### WHAT TO PRODUCE
Starting with the line that contains "Good Vibes Sweatshirt, Positive", repeat each line exactly through the final line of the listing. No picture should appear in the copy.

### SUPPLIED RECORDS
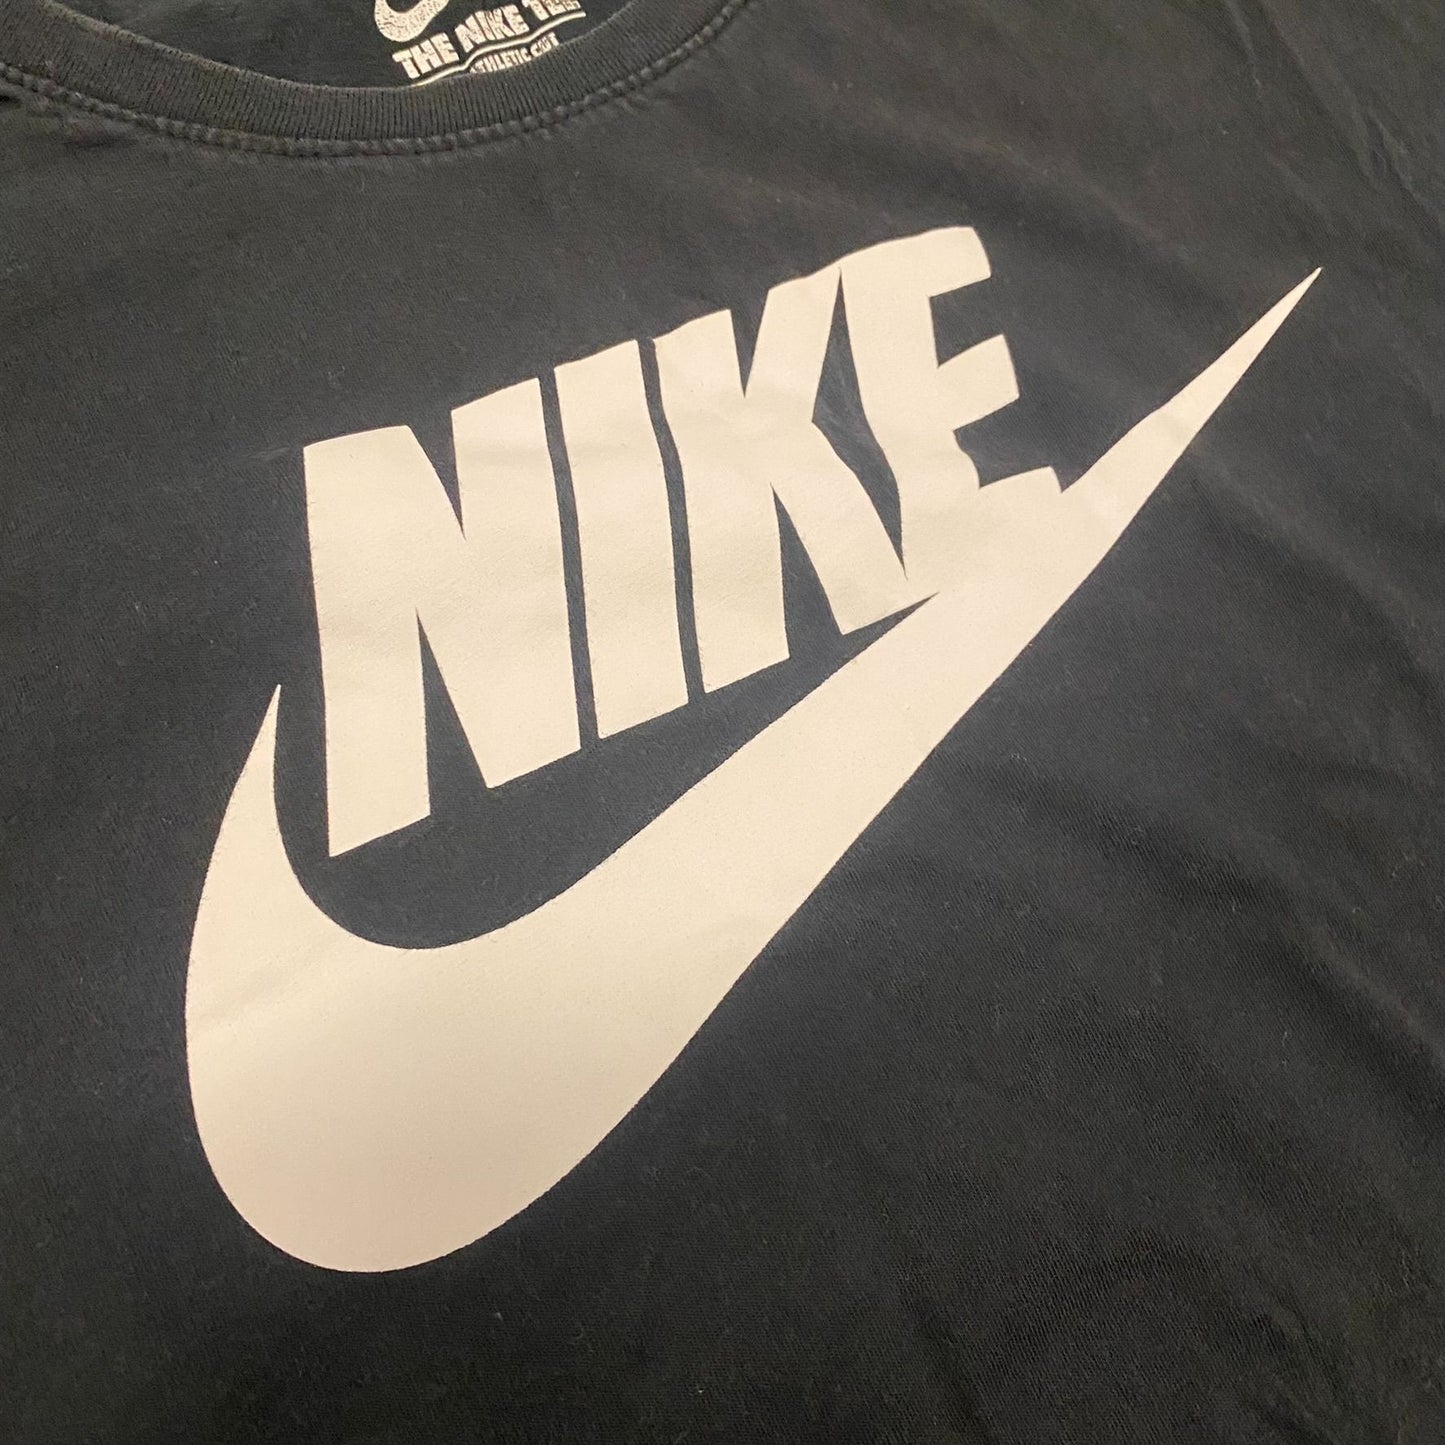 Nike Swoosh Black T-Shirt
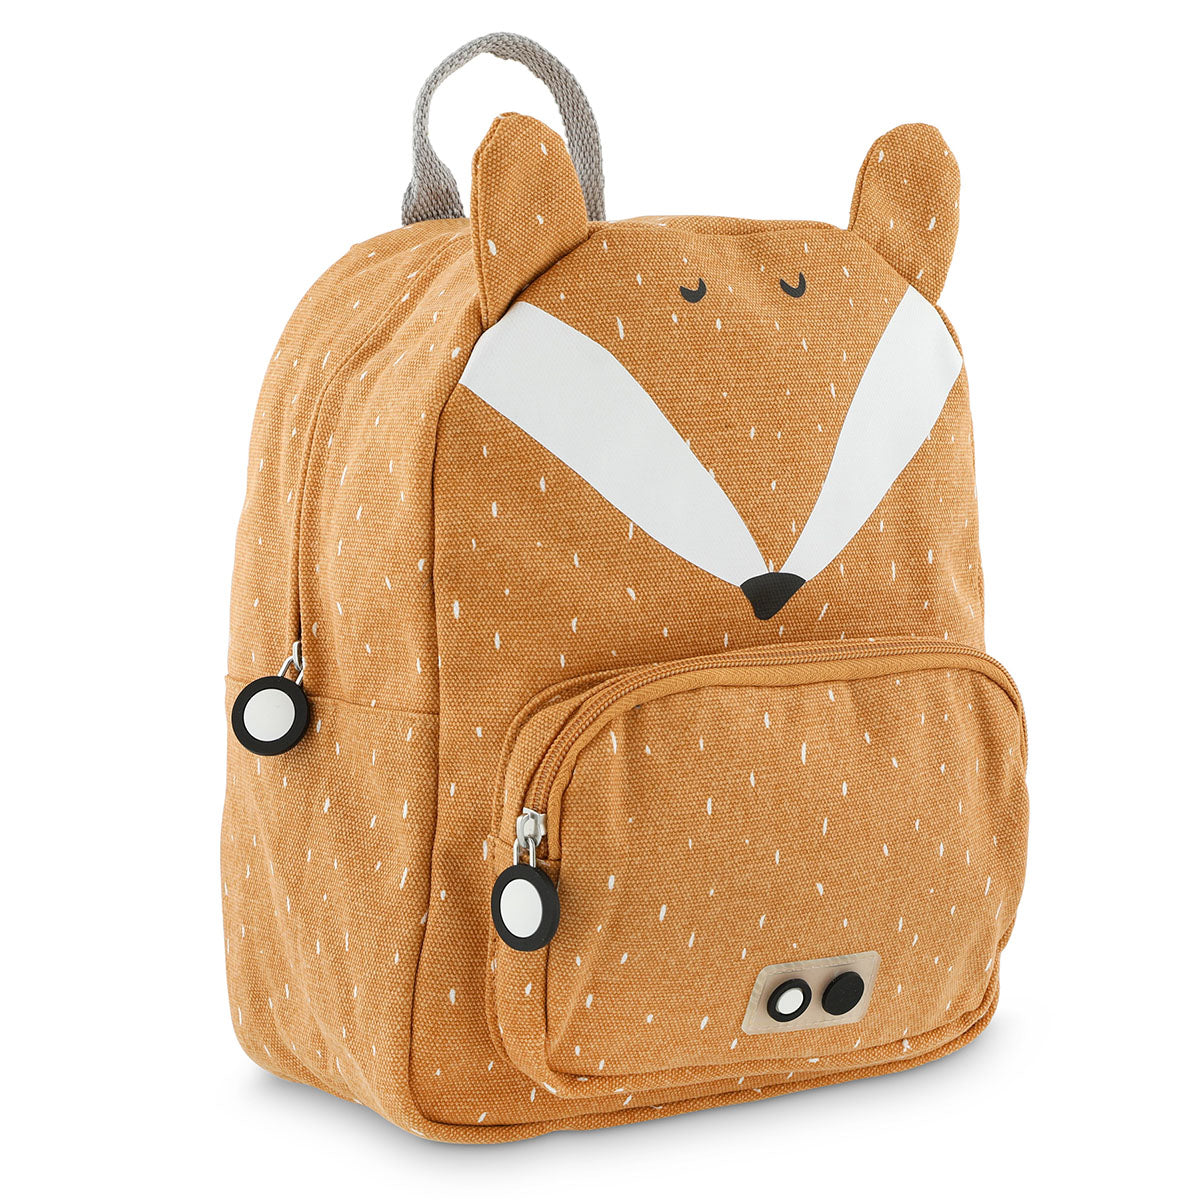 Met de Trixie Mr. Fox rugzak klein ben je klaar voor avontuur! In deze oranje schooltas kan je al je spulletjes kwijt voor een dagje weg. De oranje rugzak komt in de vorm van een leuk vosje. VanZus.
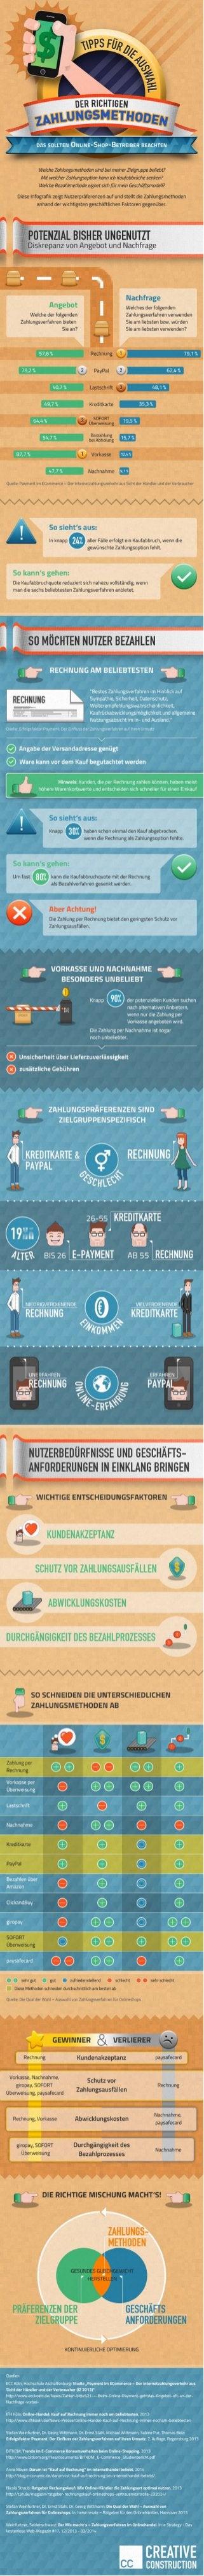 Richtige Zahlungsmethoden im E-Commerce: Kaufentscheidungs-Einfluss im Überblick (Infografik)
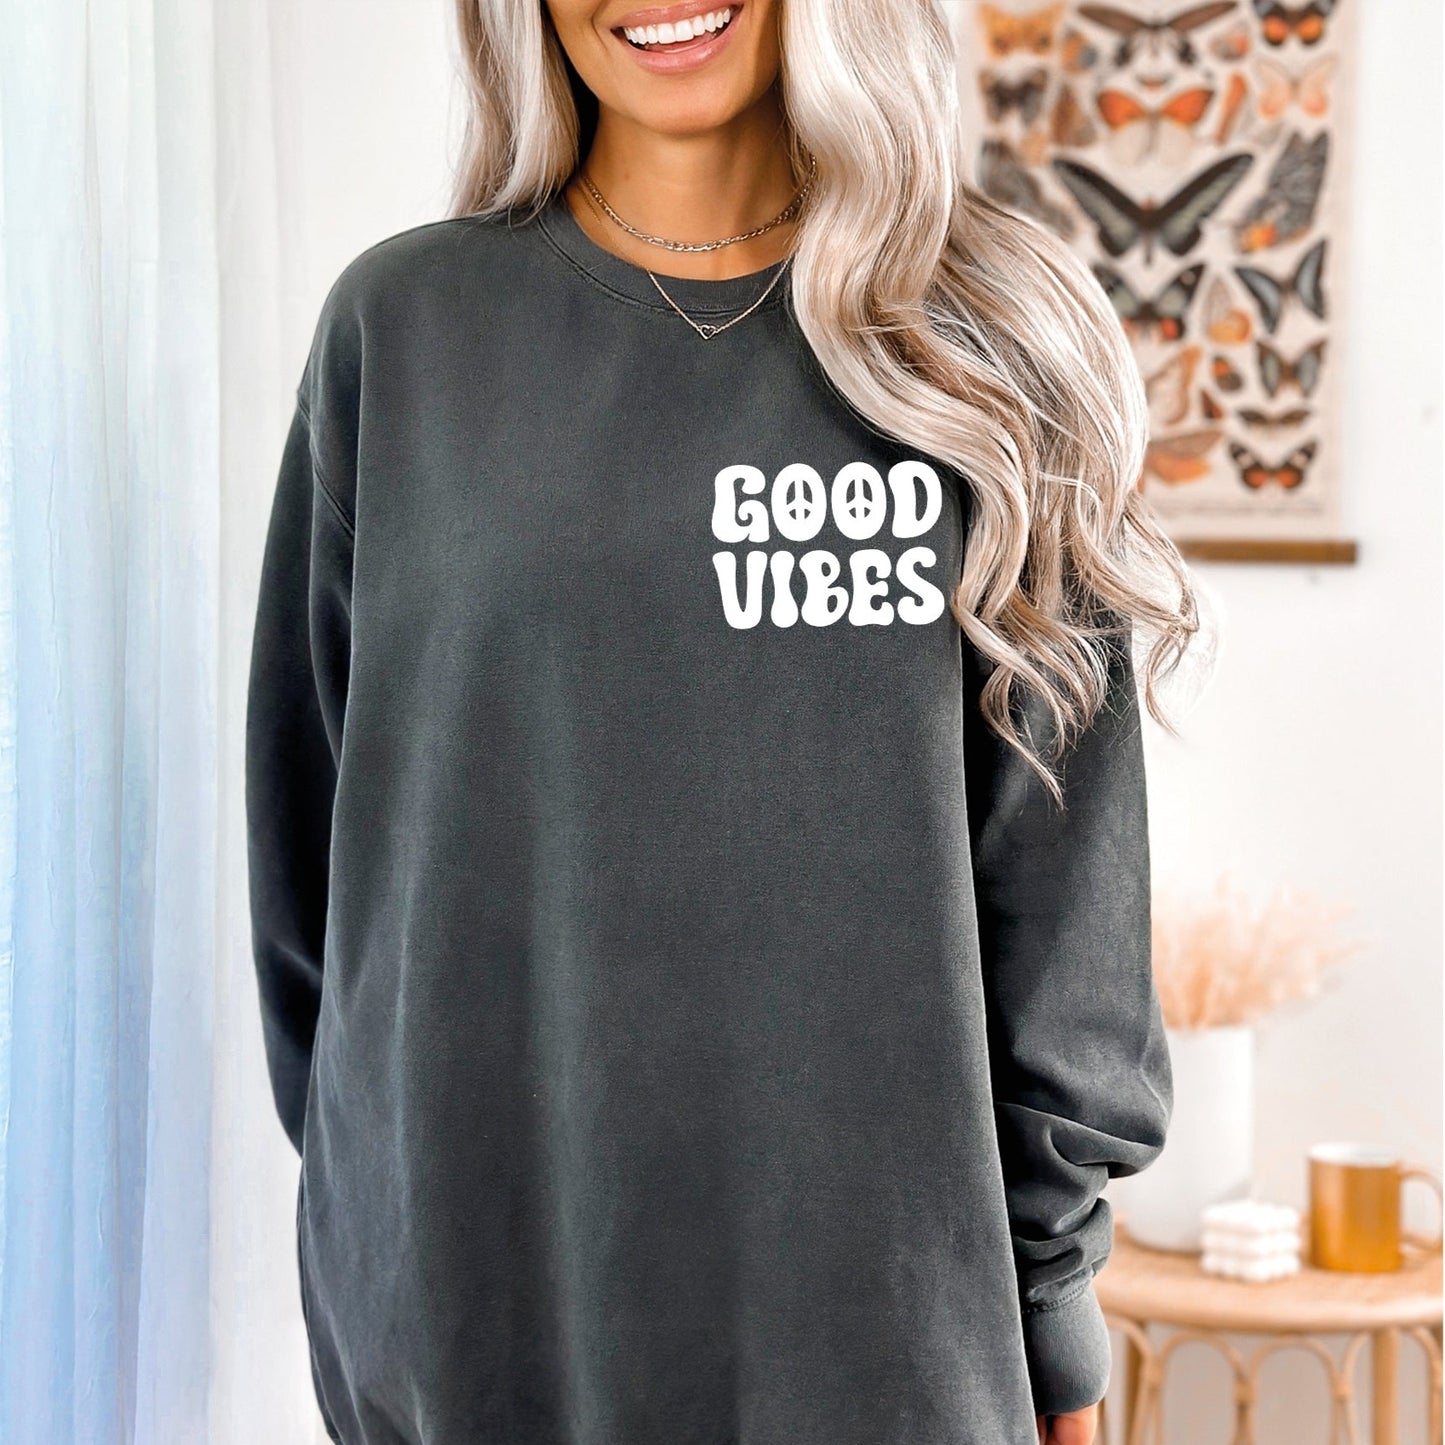 Good Vibes Sweatshirt, Positive Vibes Sweatshirt, Comfort Colors Sweatshirt-newamarketing
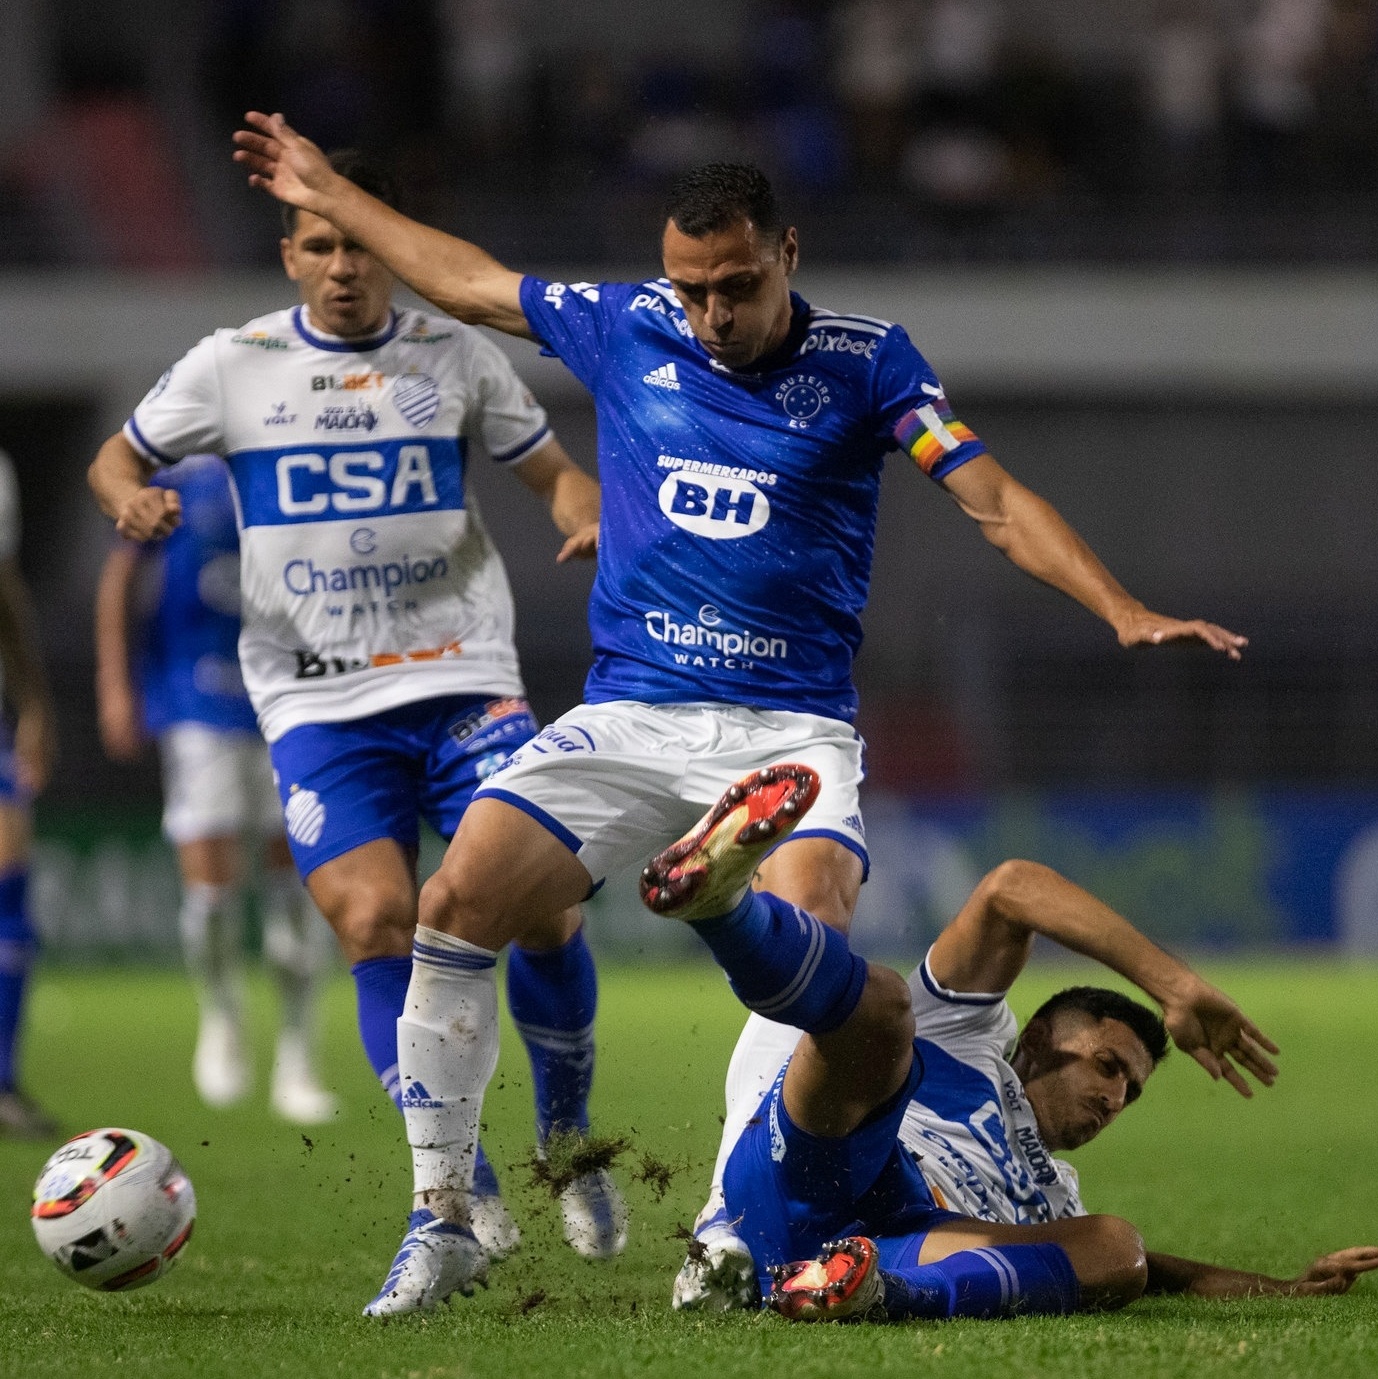 Cruzeiro 🦊 on X: HOJE TEM CRUZEIRO!!!!! 🦊💙 No último jogo do primeiro  turno, vamos em busca de nos isolar ainda mais na liderança! #CSAxCRU
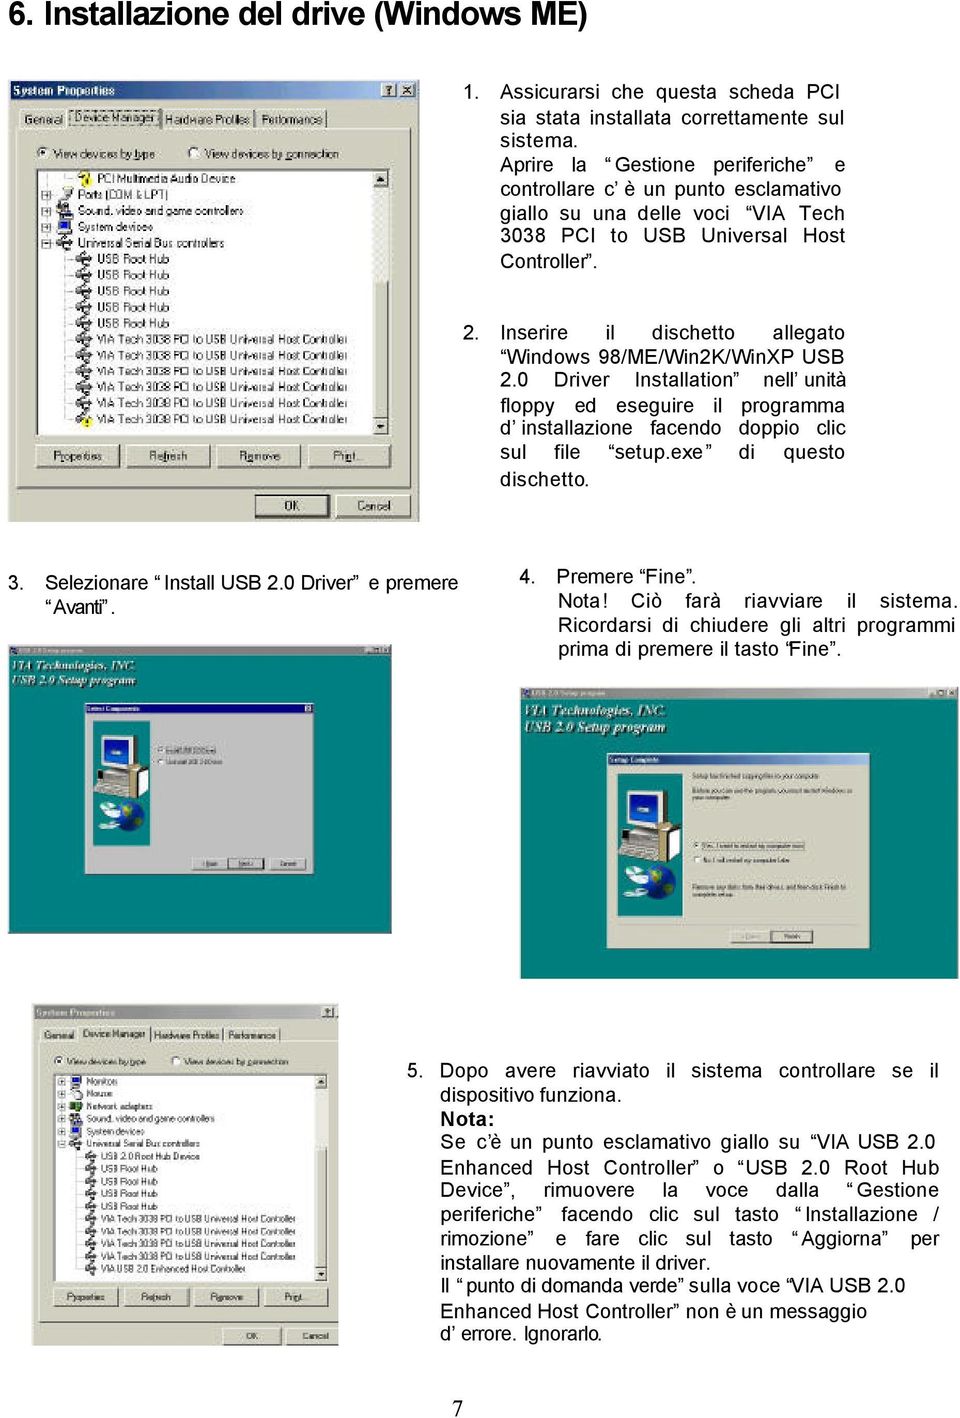 Inserire il dischetto allegato Windows 98/ME/Win2K/WinXP USB 2.0 Driver Installation nell unità floppy ed eseguire il programma d installazione facendo doppio clic sul file setup.

### ANSWER FOR THIS EXERCISE
 Good Vibes Sweatshirt, Positive Vibes Sweatshirt, Comfort Colors Sweatshirt-newamarketing
 Cruzeiro 🦊 on X: HOJE TEM CRUZEIRO!!!!! 🦊💙 No último jogo do primeiro  turno, vamos em busca de nos isolar ainda mais na liderança! #CSAxCRU
 Inserire il dischetto allegato Windows 98/ME/Win2K/WinXP USB 2.0 Driver Installation nell unità floppy ed eseguire il programma d installazione facendo doppio clic sul file setup.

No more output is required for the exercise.